Okay, so it's been a while.
I left my husband, moved to a different state, and pretty much... fell into a hole. Part of this was because my computer's motherboard took a dive, and it took a while to replace it and get my computer back up and running again because we also had to replace the chipset, re-install windows, and then it took me a while to find my windows 7 activation code.
Part of this was, naturally, because I've been fucking depressed. Greg and I started dating in high school, and he really has been my only romantic relationship. With him, I knew where my life was going and how it would be for the next few years, at least. Even though it wasn't going well and I was pretty miserable, I knew what was going to happen. I was right to leave, but leaving suddenly tore that knowledge up. It left this huge, gaping hole in my life and in my future, and that was enough to trigger a depressive episode.
I've always struggled with depression, and was diagnosed when I was 17 (or so) after another huge, life-changing event. I was on medication at the time, but it caused me some other problems (it triggered migraines and didn't really help) so I dropped the medication, and have gone unmedicated ever since. Most of the time, it's something I can deal with. This has been my longest episode of depression since high school (I think) and it wasn't exactly unexpected.
I'm feeling... better.
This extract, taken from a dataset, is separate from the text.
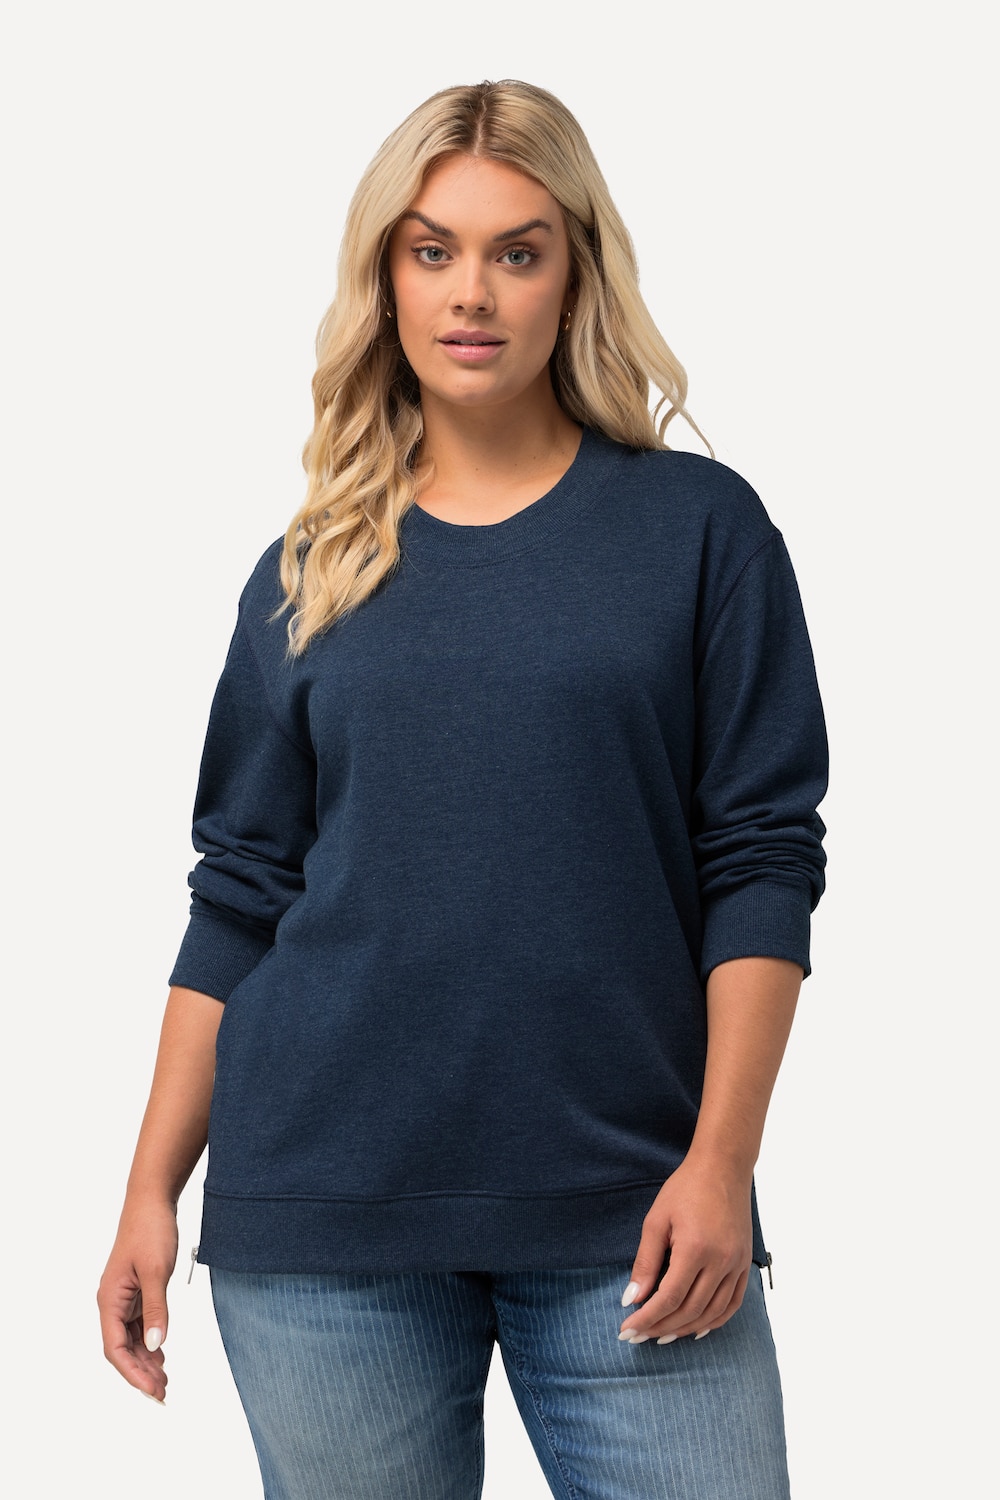 Grote Maten Sweatshirt, Dames, blauw, Maat: 54/56, Katoen/Polyester, Ulla Popken

Not really on top of it, yet, but better. Much better.
I am hoping that this is not a brief glimpse of the light, but a true end to this depressive episode.
I miss blogging about stuff, talking to you guys and getting feedback. I miss chatting with people, I miss participating in stuff, and I've missed a lot of other things.
I plan on trying to blog regularly. I have a few ideas, so I'm going to start work on them as soon as I finish this and put it up, but I don't want to promise anything if I'm not up to it, long-term. I hope I am, I feel like I am, and I'd certainly like to be.